How Does Light's Wave Nature Affect Double Slit Experiment Results?

[Dx]

Hello,

In a double slit experiment the slit separation is 2.0mm and two wavelengths 750nm and 900nm illuminate the slits. A screen placed 2m from the slits. at what distance from the central maximum on the screen will a bright fringe from one pattern first conincide with a bright fringe from the other?

my formula?
d = sin[the] / (m [lamb]

Is my answer correct 6.0mm

Thanks!
Dx

 

[schwarzchildradius]

at what distance from the central maximum on the screen will a bright fringe from one pattern first conincide with a bright fringe from the other?

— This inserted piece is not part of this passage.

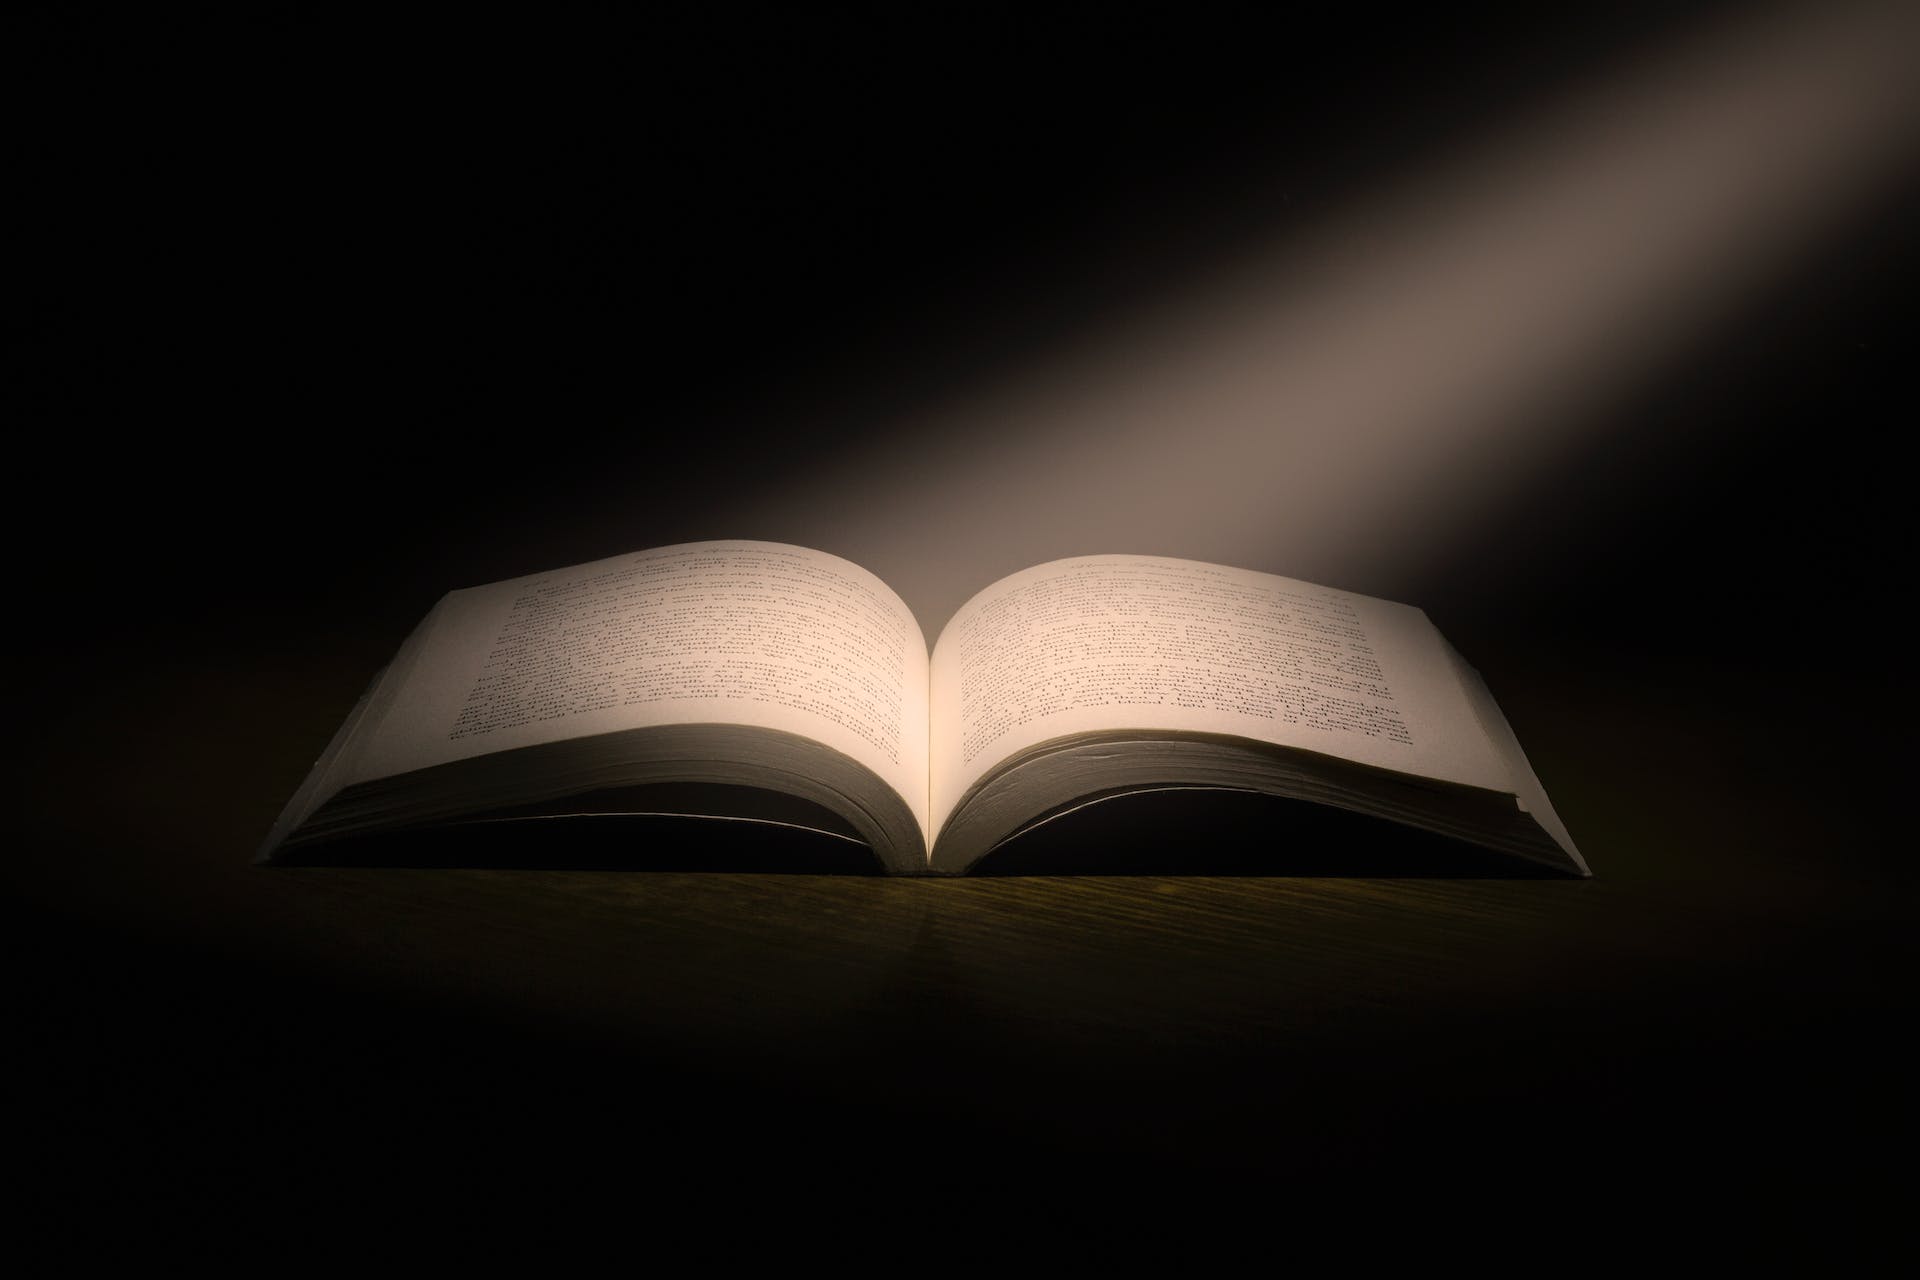 book lying open against a dark background with shaft of light illuminating the book
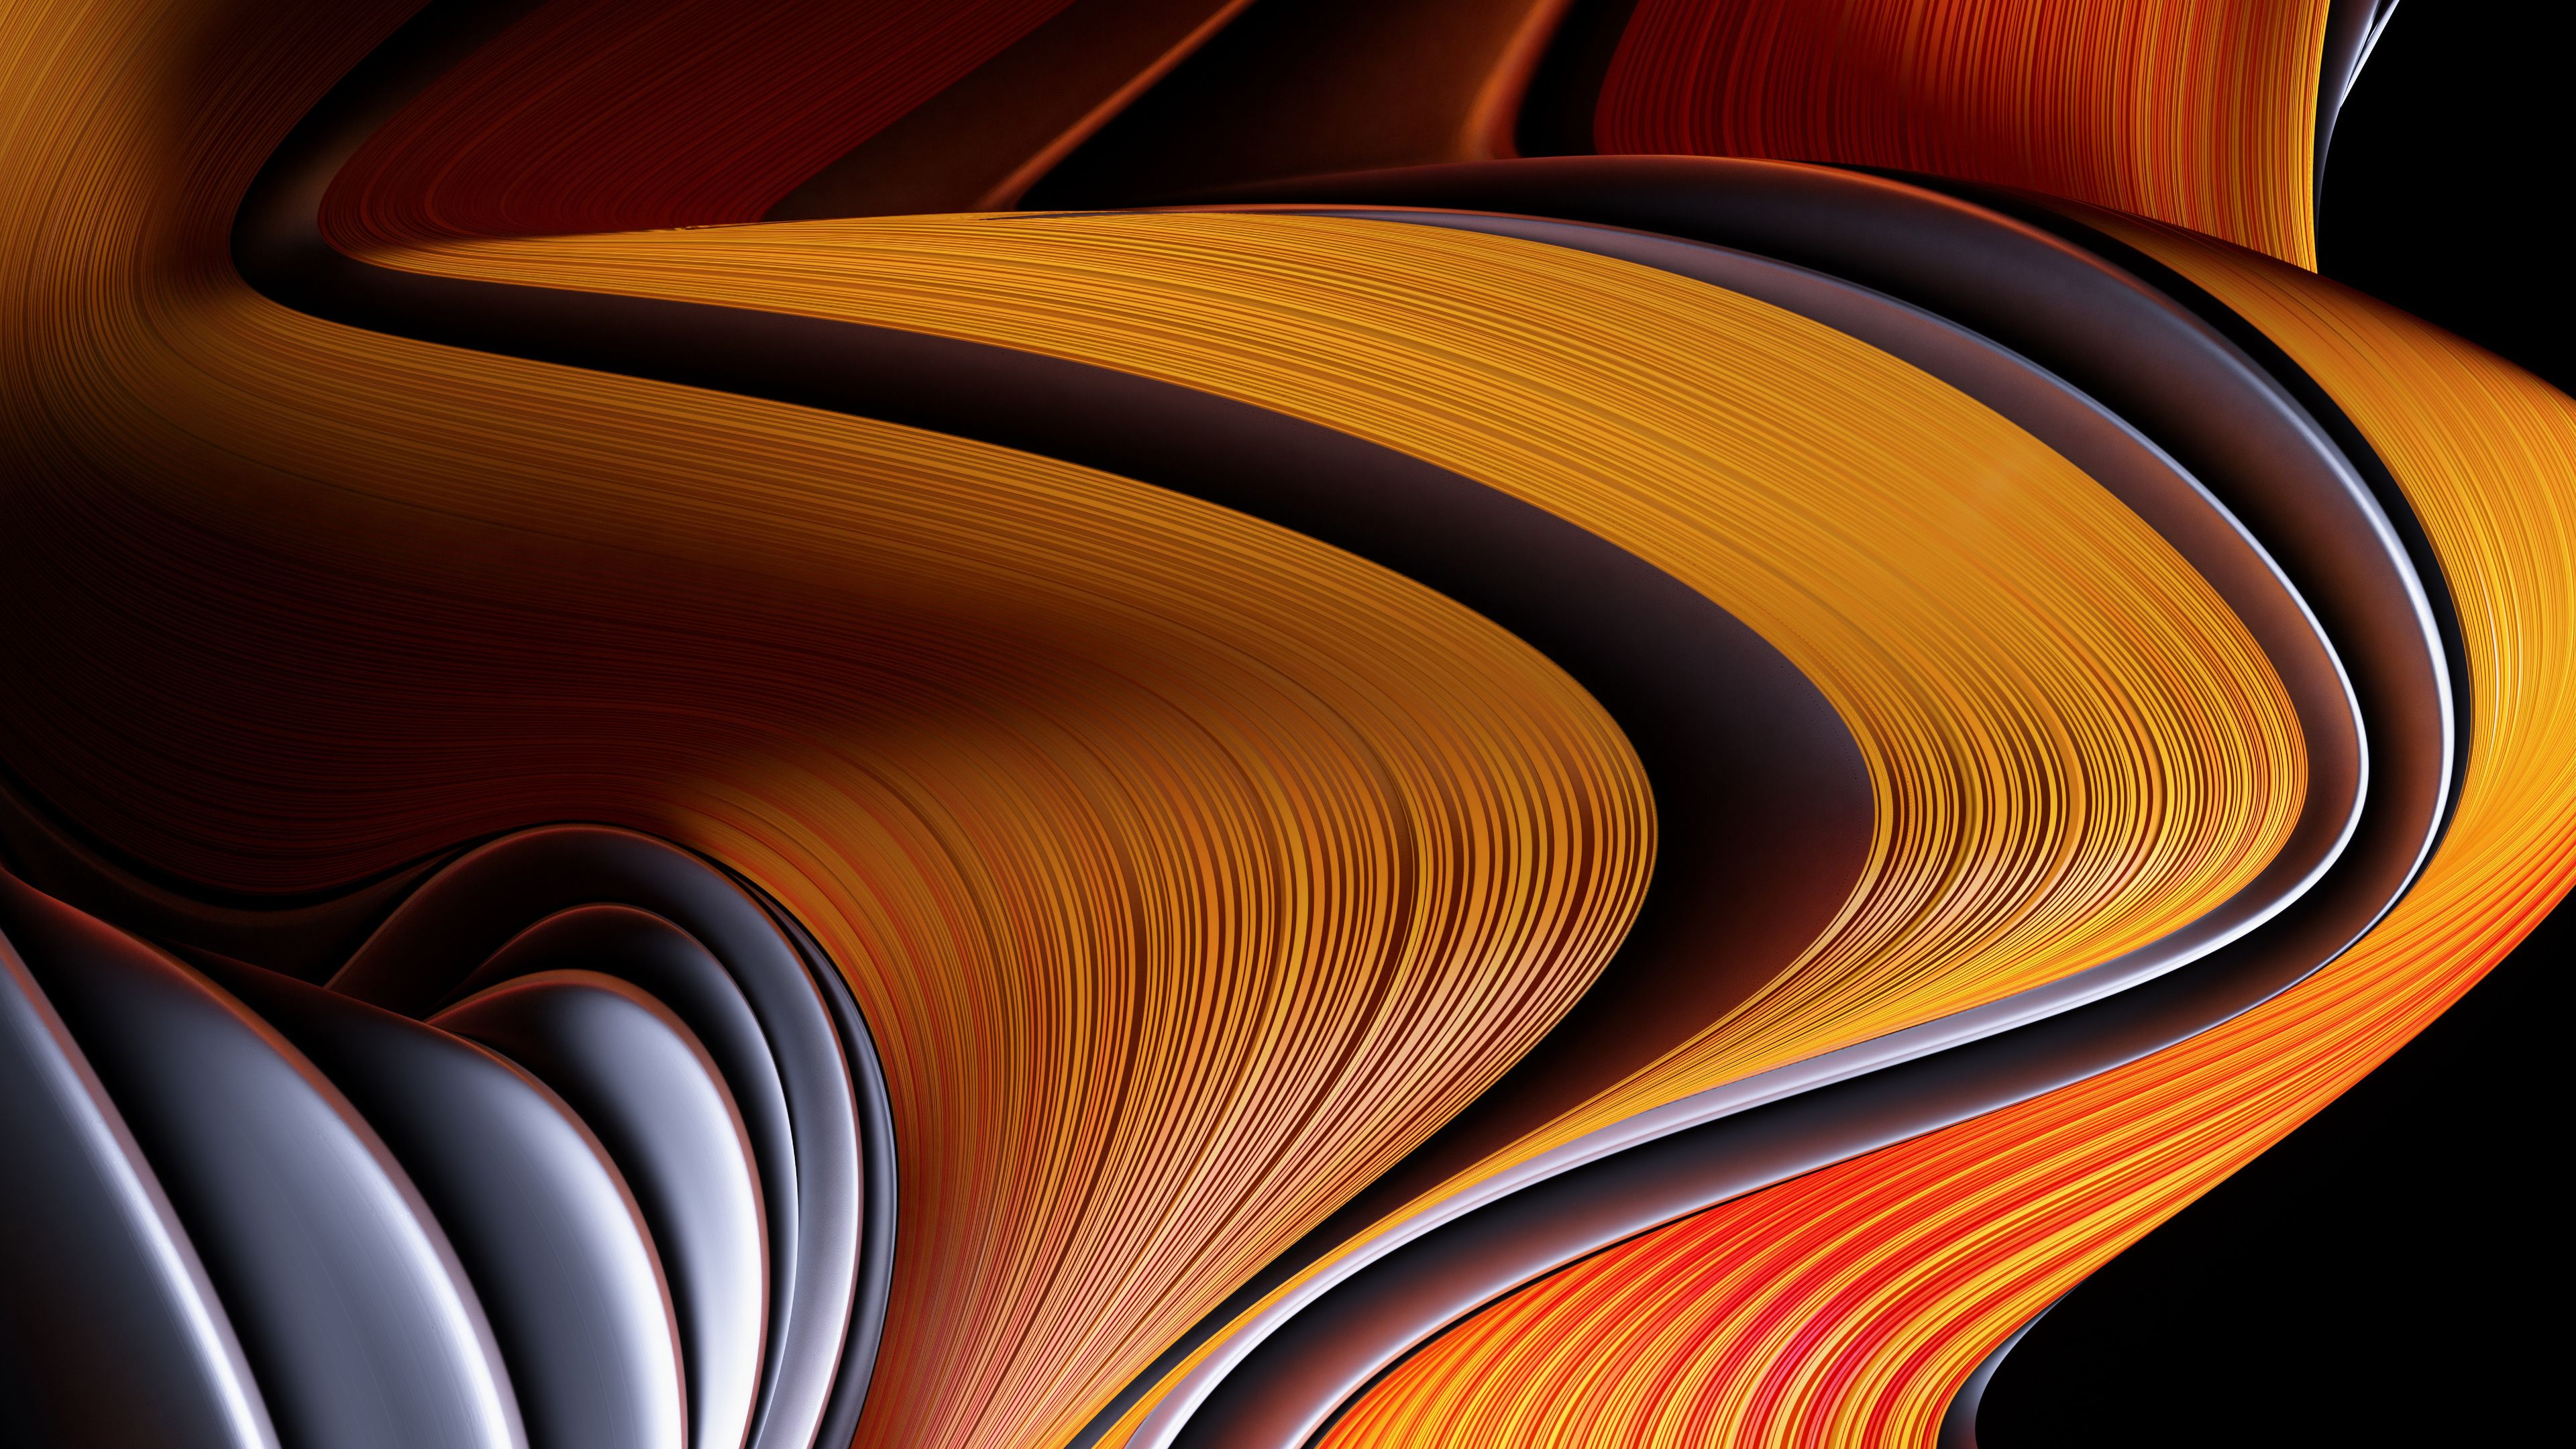 Wallpaper 4k Yellow Perfection Abstract 4k Wallpaper, Abstract Wallpaper, Behance Wallpaper, Digital Art Wallpaper, Hd Wallpaper, Yellow Wallpaper

d=2E-3meters, λ1=750E-9m, λ2=900E-9m, D=2m (D being adjacent leg of right triangle, y1 and y2 being opposite legs, θ being angle between slits.)
y1 = mλ1D / d = (1)(750E-9m)(2m)/(2E-3)m = 7.5E-4m
y2 = nλ2D / d = (1)(900E-9m)(2m)/(2E-3)m = 9.0E-4m
were n=m=1, WHICH THEY're not.
You can't solve it trigonometrically.
In order to solve it, you need to equate
y1=y2=mλ1D/d = nλ2D/d
Then you just solve for m:
m = (λ2/λ1)n = 1.2n
The first instance of this relation being true is if m=6 and n=5
Now you just solve y1 and y2 above to get...

y1=y2=0.0045m

 

[M98Ranger]

Hello Dx,

Your answer is not quite correct. The formula you provided is the correct one to use, however, the value for "m" should be the same for both wavelengths since we are looking for the first bright fringe that coincides for both patterns. The value for "m" represents the order of the fringe, with m=0 being the central maximum. So, for the first bright fringe to coincide, we need to solve for m=1 for both wavelengths.

Using the given values, we get:

d = sin[the] / (m [lamb])

For 750nm:
d = sin[the] / (1 x 750nm)
d = sin[the] / 750nm

For 900nm:
d = sin[the] / (1 x 900nm)
d = sin[the] / 900nm

Since we are looking for the same distance, we can set these two equations equal to each other and solve for d:

sin[the] / 750nm = sin[the] / 900nm
Cross-multiplying and solving for d, we get:
d = (750nm x 900nm) / 750nm
d = 900nm

Therefore, the first bright fringe from one pattern will coincide with the first bright fringe from the other at a distance of 900nm from the central maximum on the screen.

I hope this helps clarify things. Keep up the good work!